DATA EXTRACT below:

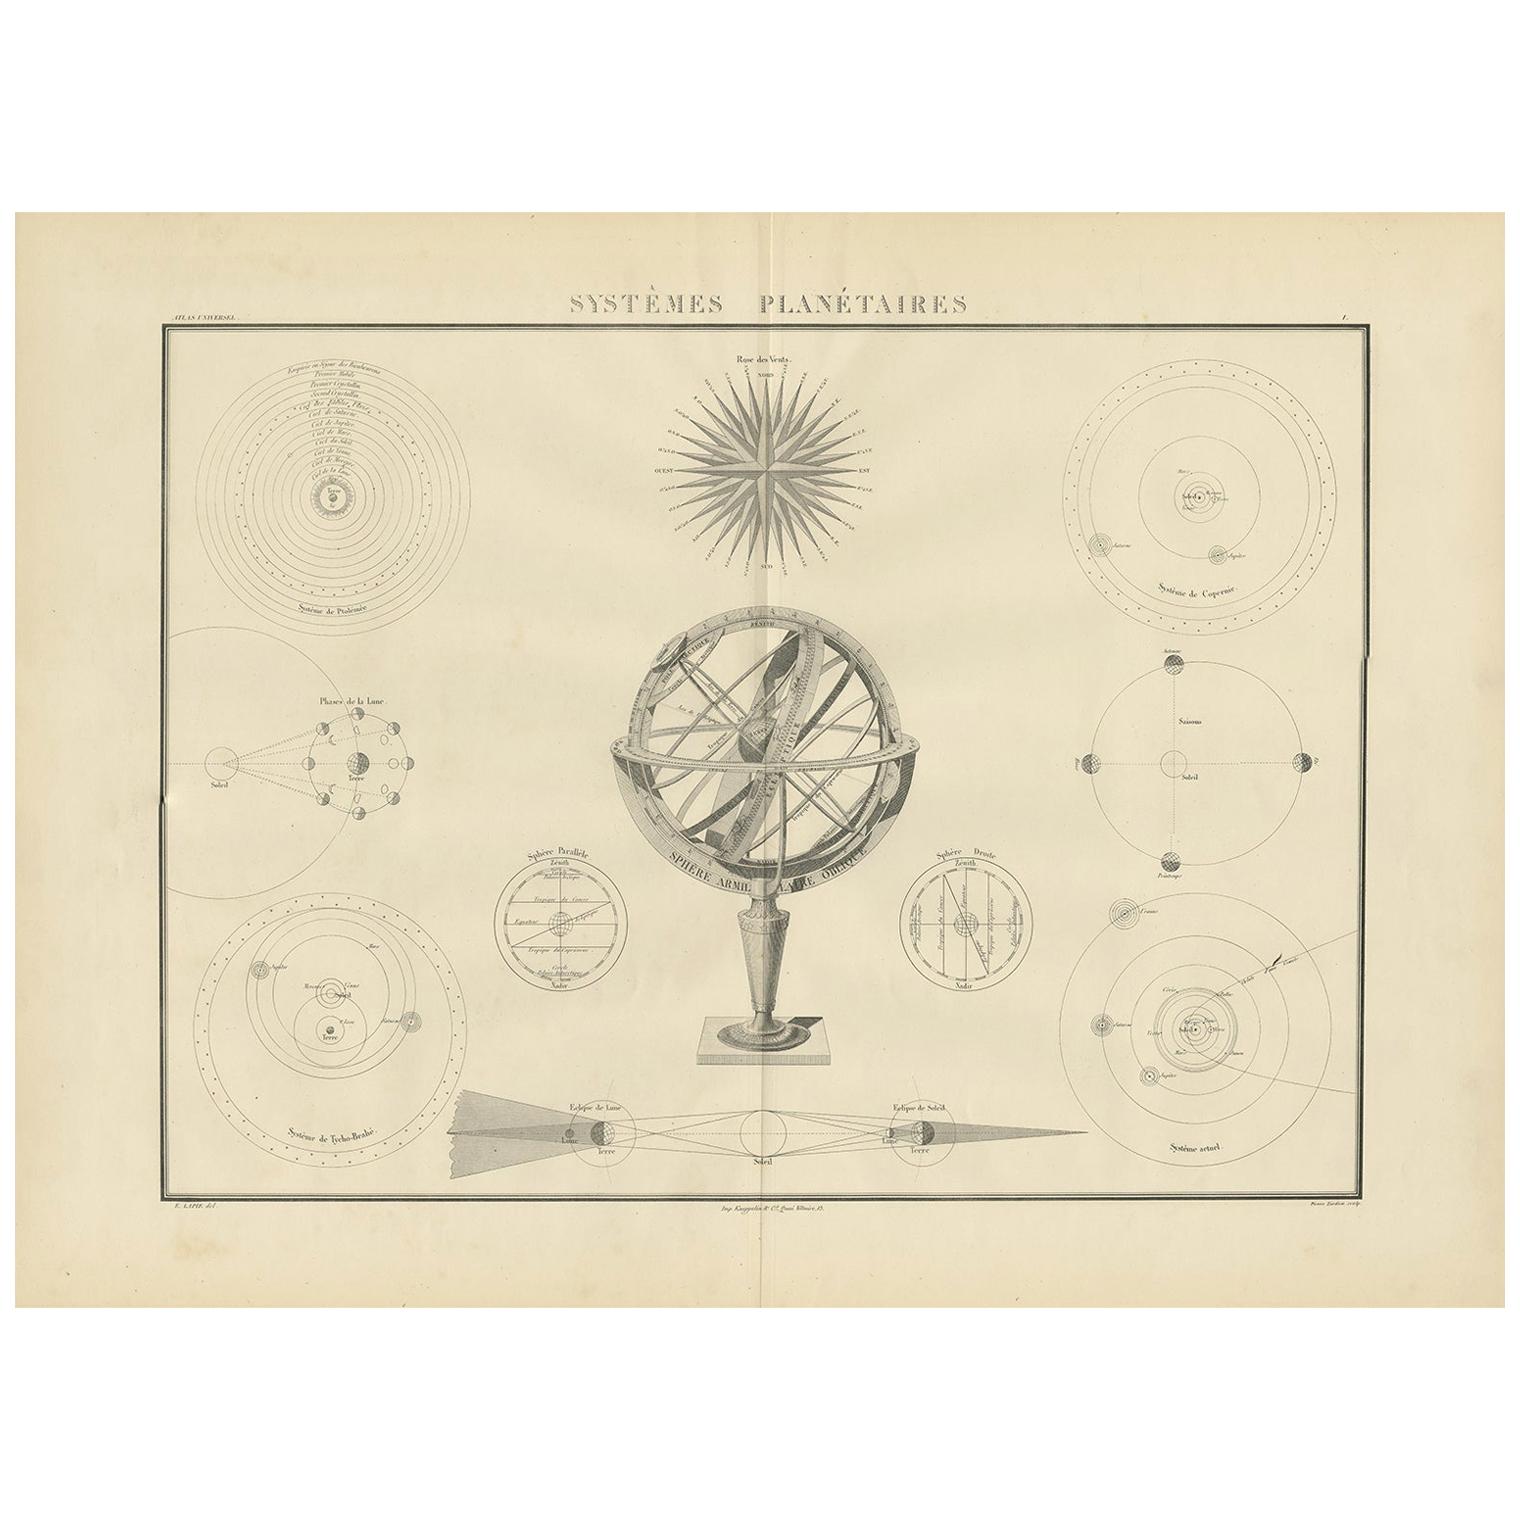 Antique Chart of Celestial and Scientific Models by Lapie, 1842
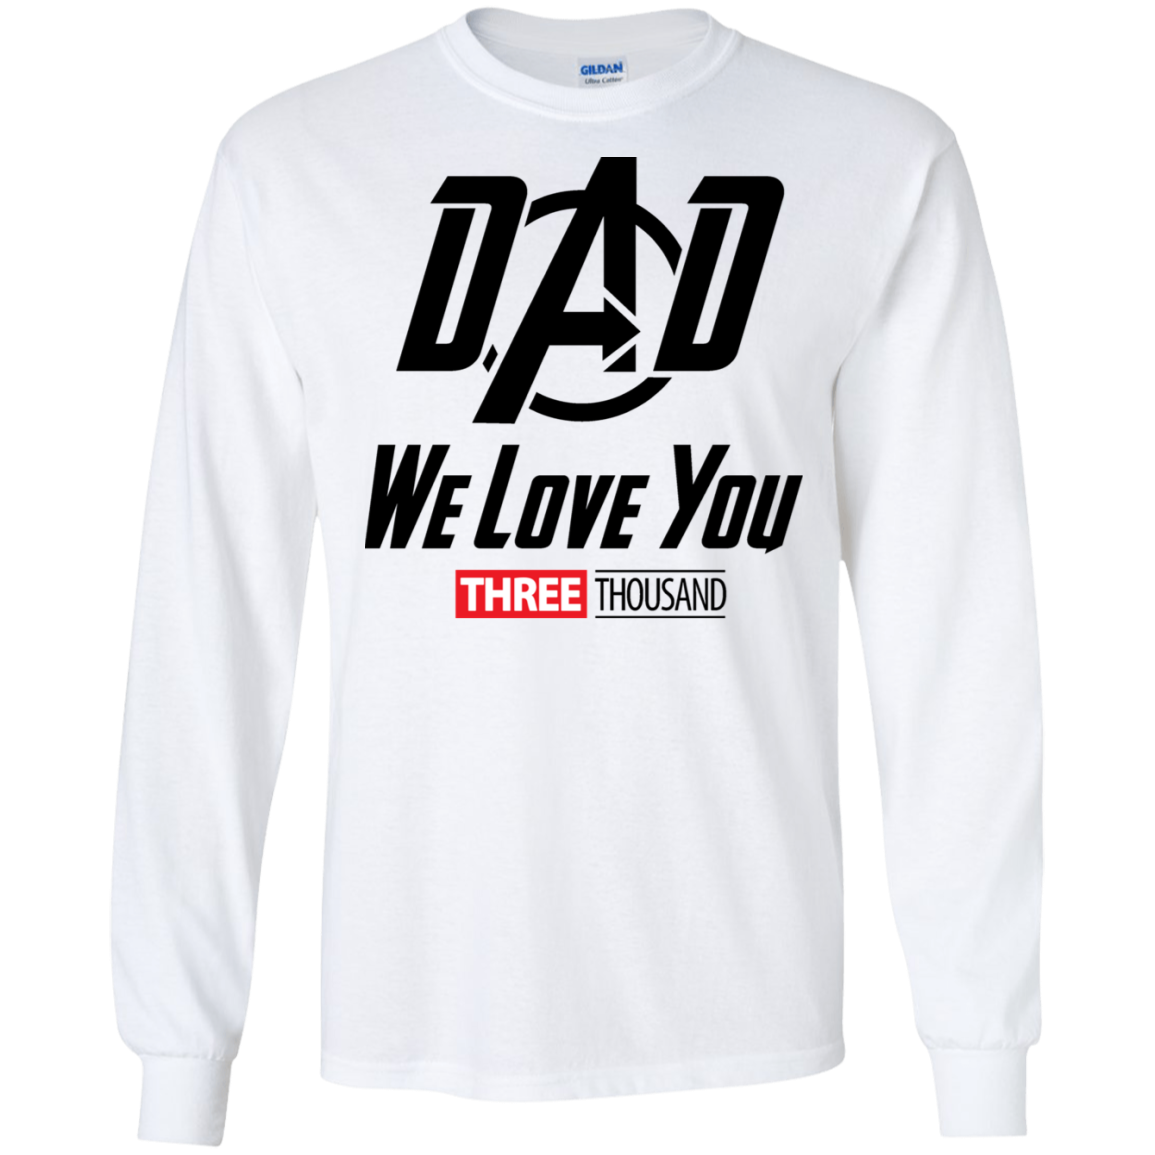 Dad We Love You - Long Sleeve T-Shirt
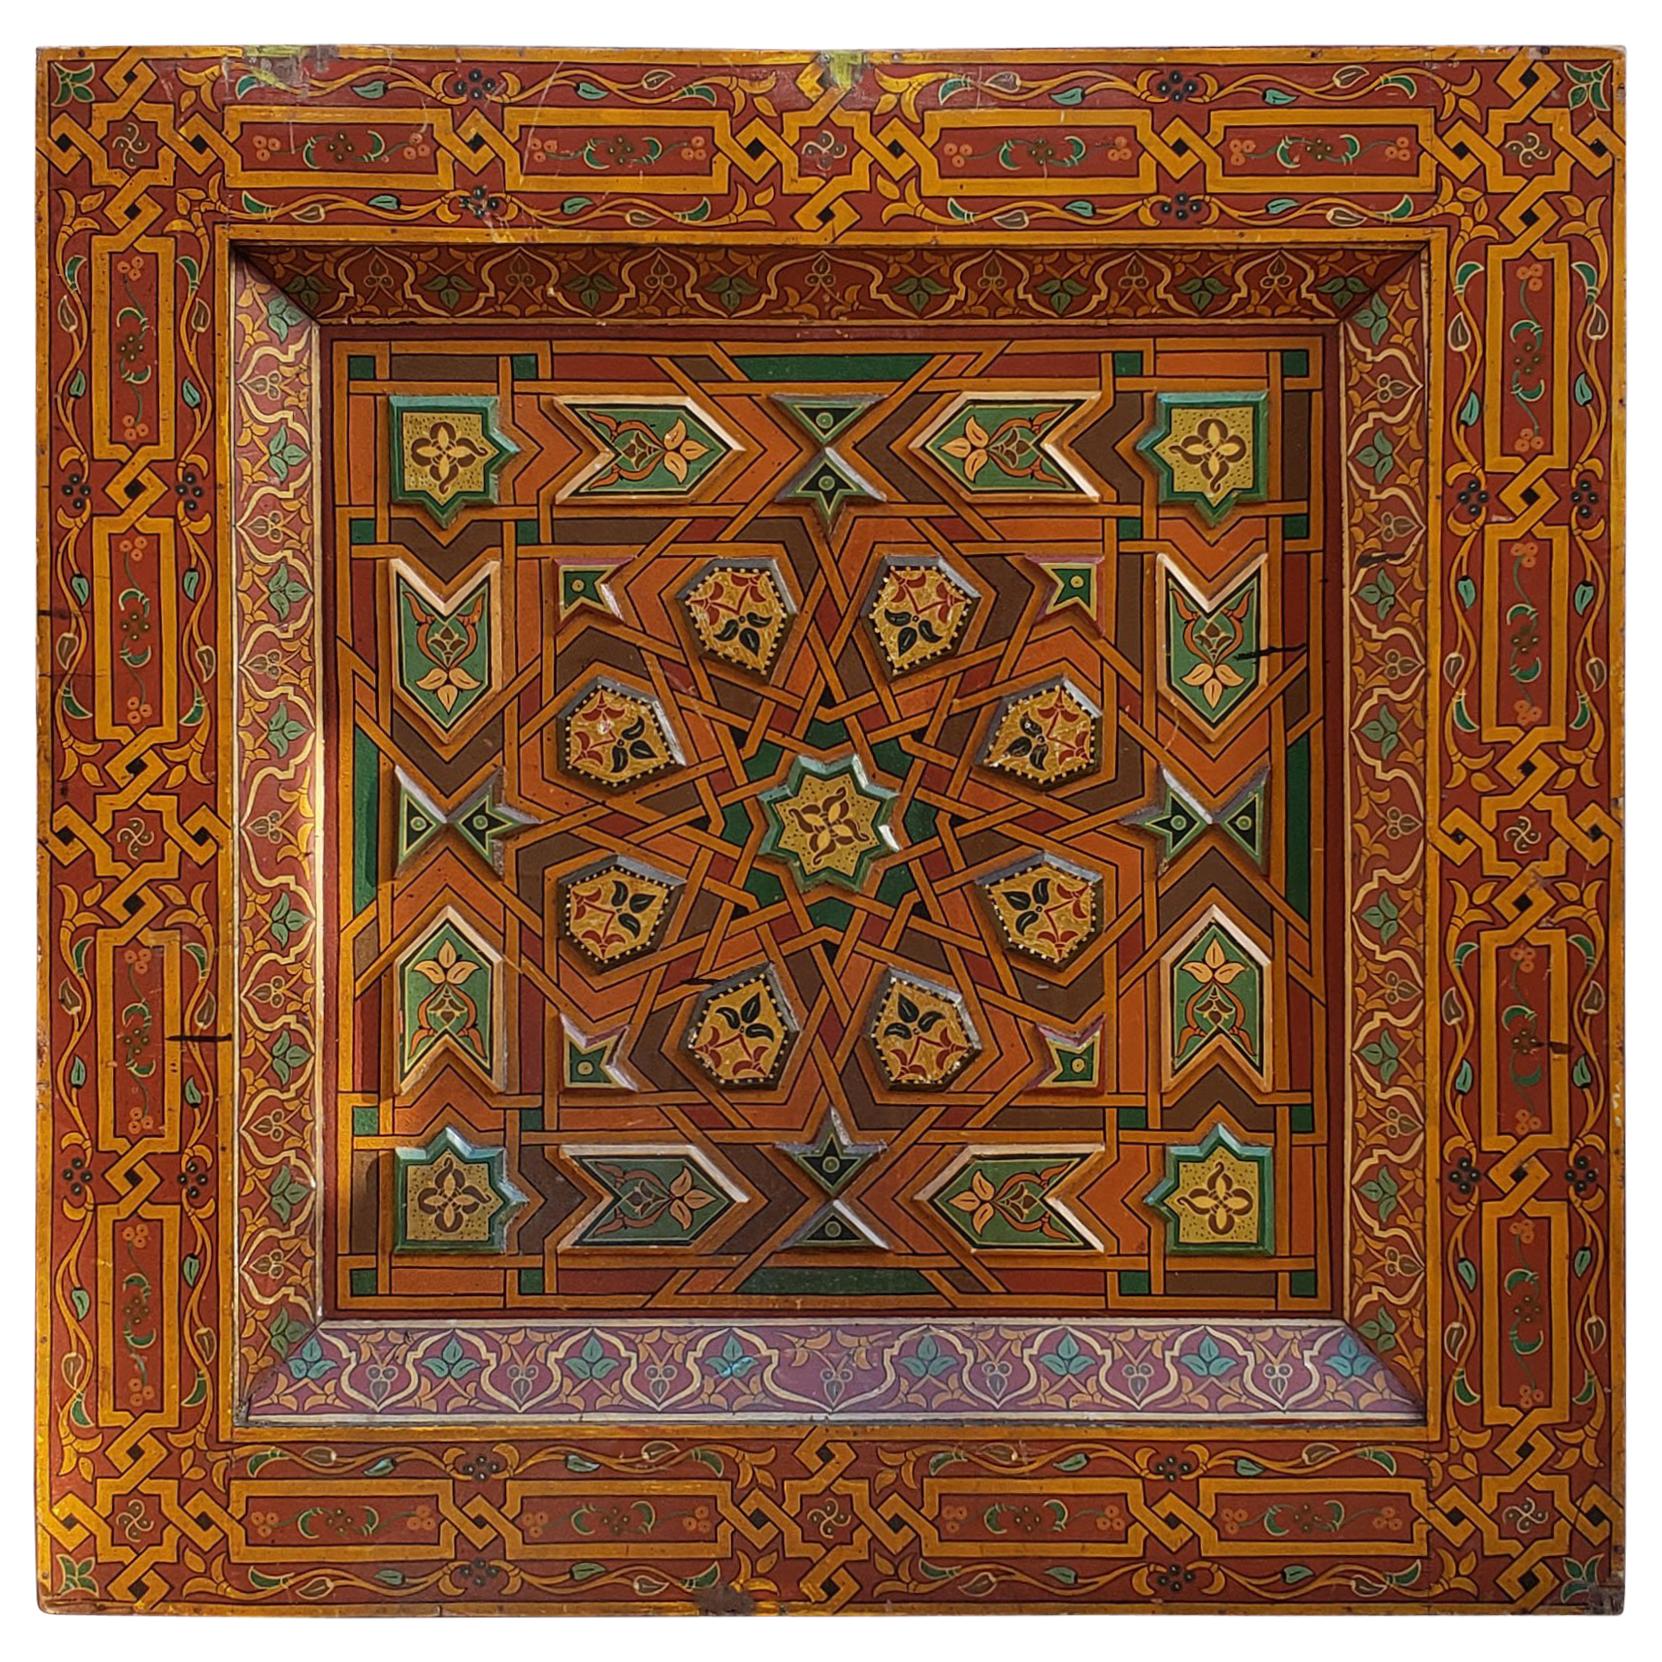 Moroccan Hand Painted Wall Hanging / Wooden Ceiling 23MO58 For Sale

End of DATA EXTRACT.

(TASK) Drop every image, please, and write out the data above exactly as shown.

(ANSWER TO THIS PROBLEM)
 Antique Chart of Celestial and Scientific Models by Lapie, 1842
 Dad We Love You - Long Sleeve T-Shirt
 Moroccan Hand Painted Wall Hanging / Wooden Ceiling 23MO58 For Sale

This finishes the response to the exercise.